Supplied material START
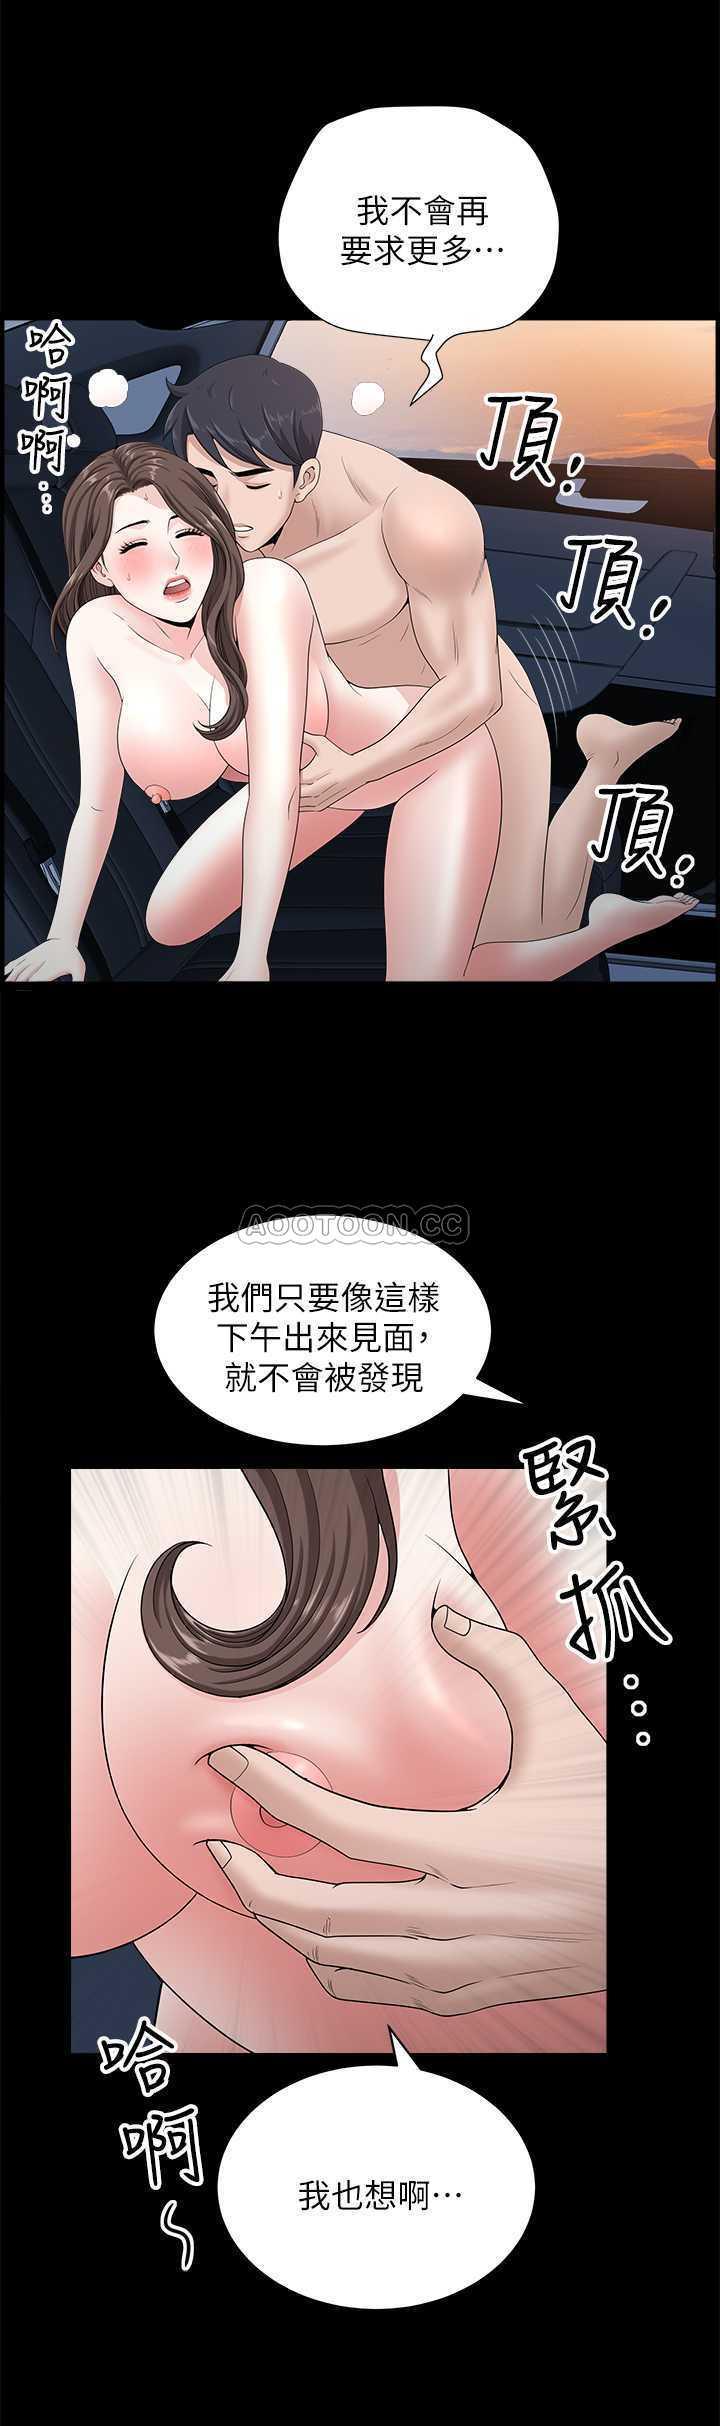 韩国污漫画 雙妻生活 第17话 24
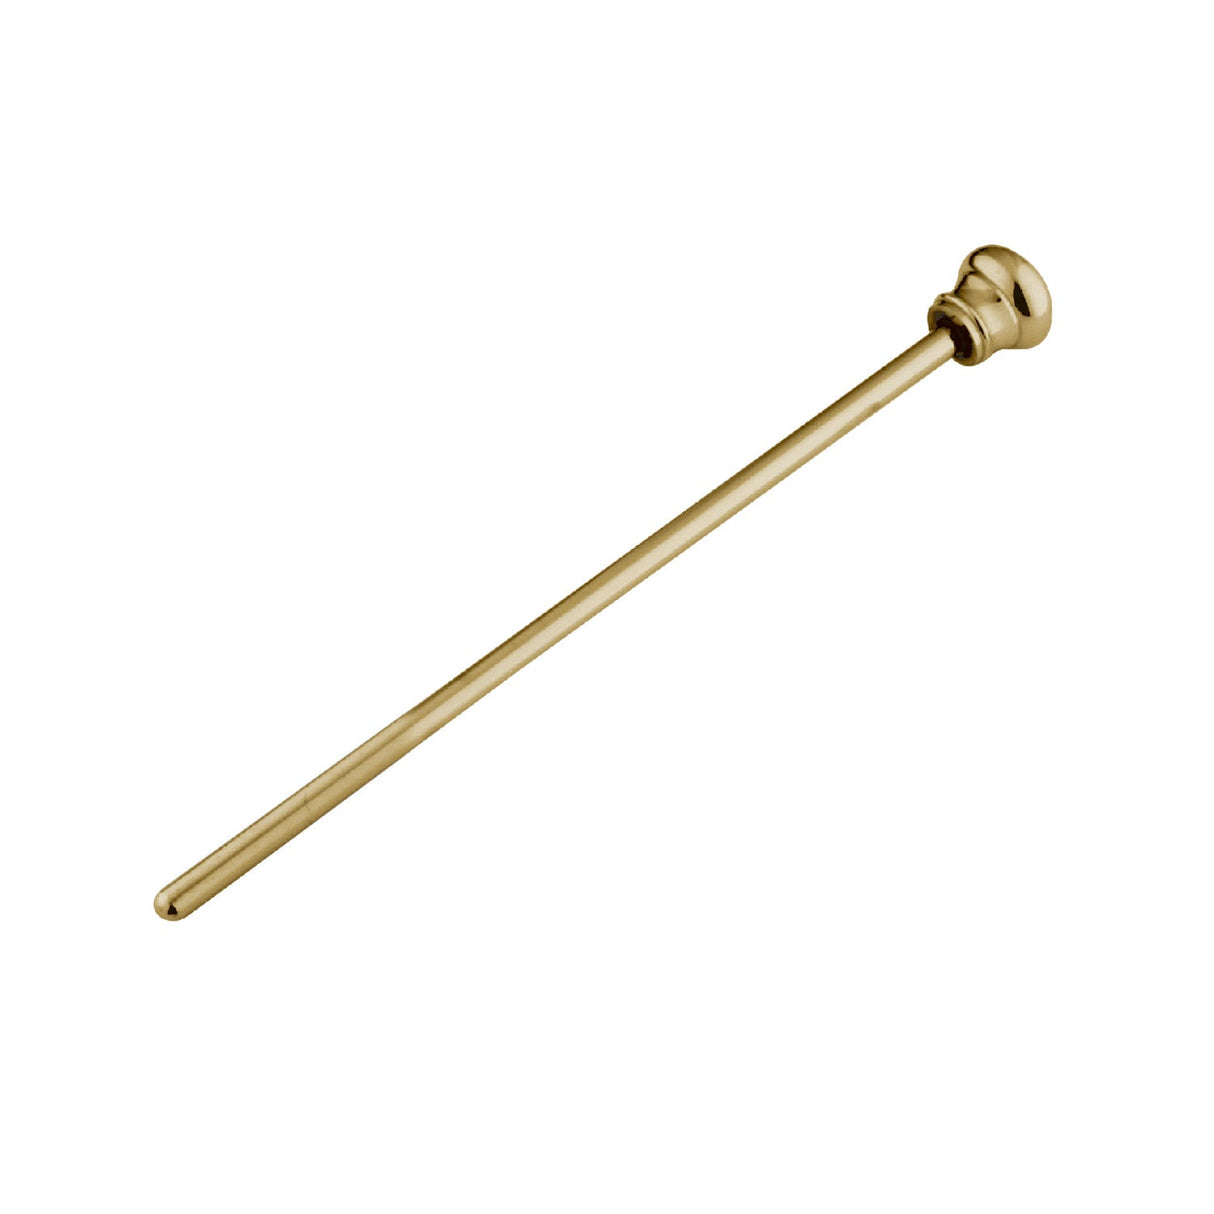 KBPR952 Brass Pop-Up Rod, Polished Brass
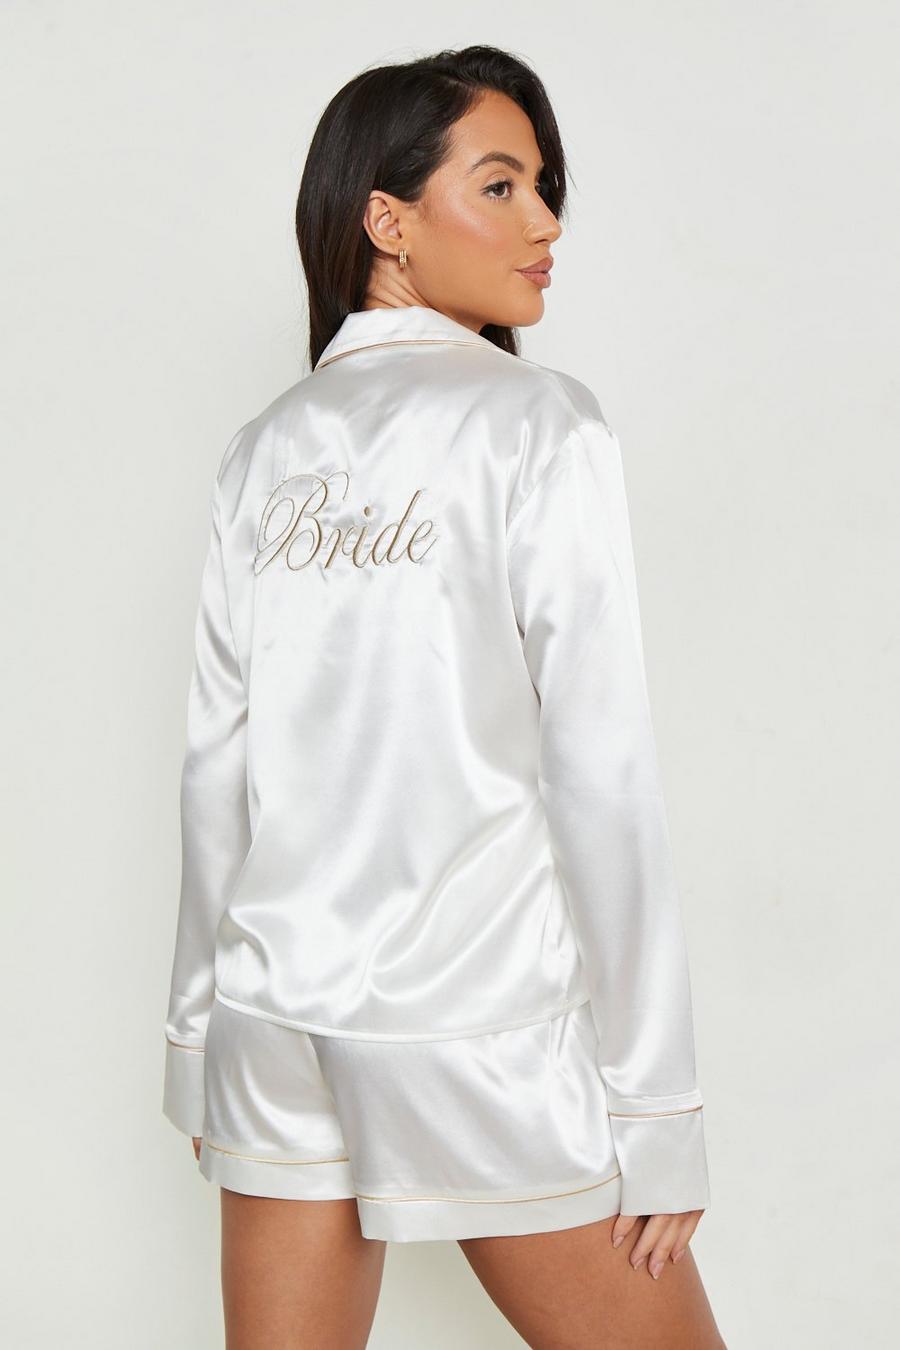 Pyjama-Set mit Bride-Stickerei, White weiß
Supplied material END
A word-for-word reprint of the listing above is needed, minus the pictures.

 韩国污漫画 雙妻生活 第17话 24
 KBPR952 Brass Pop-Up Rod, Polished Brass
 Pyjama-Set mit Bride-Stickerei, White weiß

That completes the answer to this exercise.